Studio album by Yuri
- Released: September 12, 1995
- Recorded: 1995
- Genre: Latin pop;
- Label: Sony Latin; Columbia;
- Producer: Alejandro Zepeda; Carlos Murguía;

Yuri chronology
| Reencuentros (1994) | Espejos del Alma (1995) | Más Fuerte que la Vida (1996) |

= Espejos del Alma =

Espejos del Alma (Mirrors of the Soul) is the fifteenth studio album by Mexican singer Yuri. It was released on September 12, 1995, through Sony Music Latin and Columbia Records. It was produced by Alejandro Zepeda and Carlos Murguía. The album was not as successful as her previous records, due to the personal and professional struggles at the time.

==History==
In February 1995, Yuri attended the 1995 Viña del Mar International Song Festival, where she met with Rodrigo Espinosa, vocalist of the Chilean group Aleste, with whom she would later marry.
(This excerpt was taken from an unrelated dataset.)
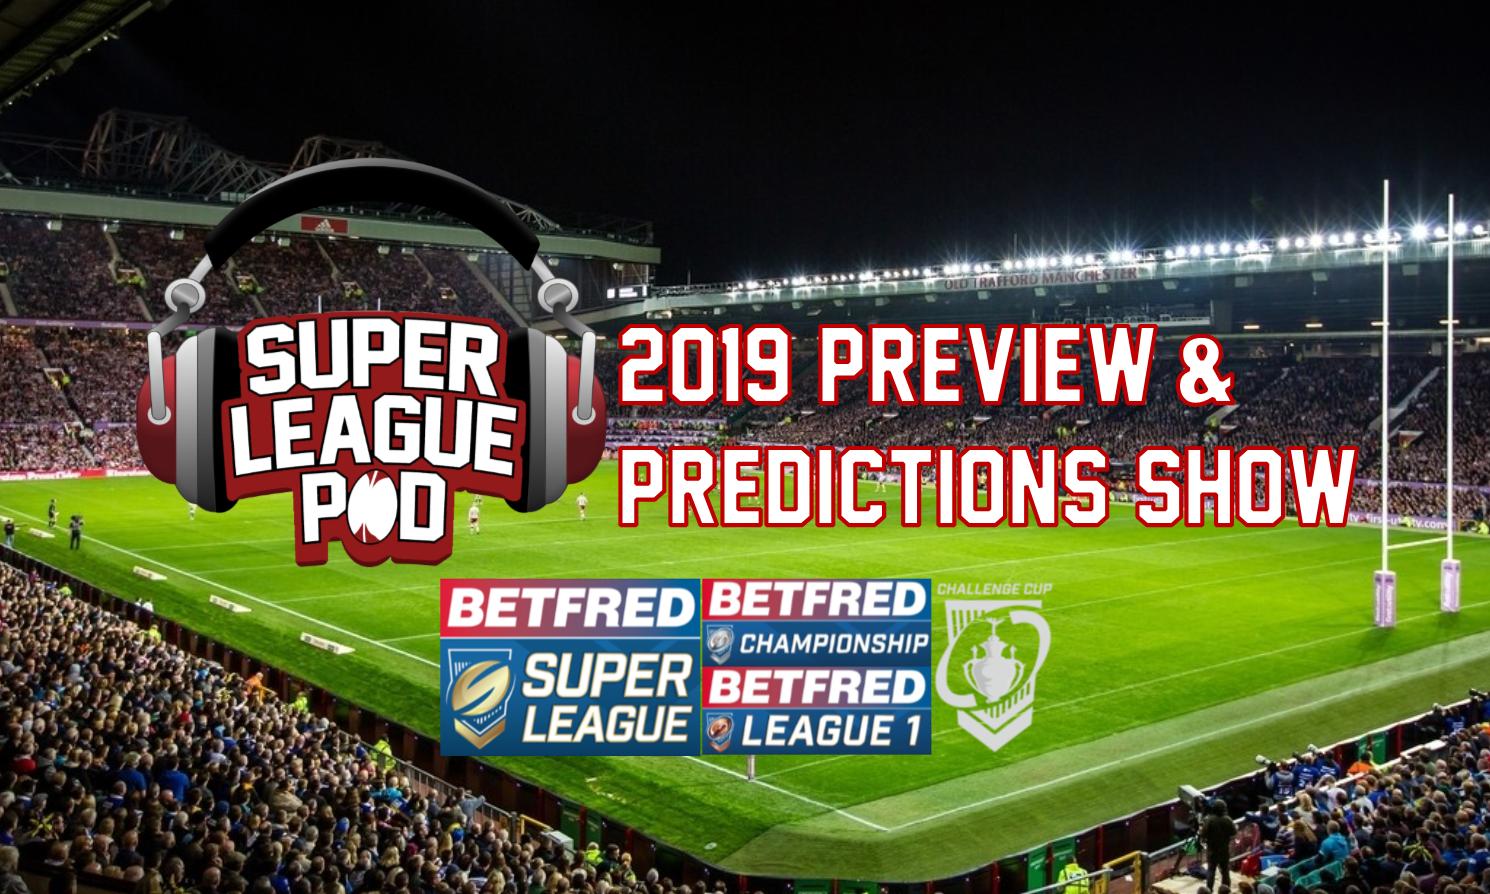 Super League Pod Blog: January 2019

At that time, the rhythm of work devastated the singer's health, and when she began to record the album, she was diagnosed with cancer on her vocal cords, but it was treated and healed. During this time, she declared that promiscuity was a principal part of her sexual life and alcohol. Due to this, she had a breakdown and tried to kill herself; this situation made her leave Catholicism and become a Christian.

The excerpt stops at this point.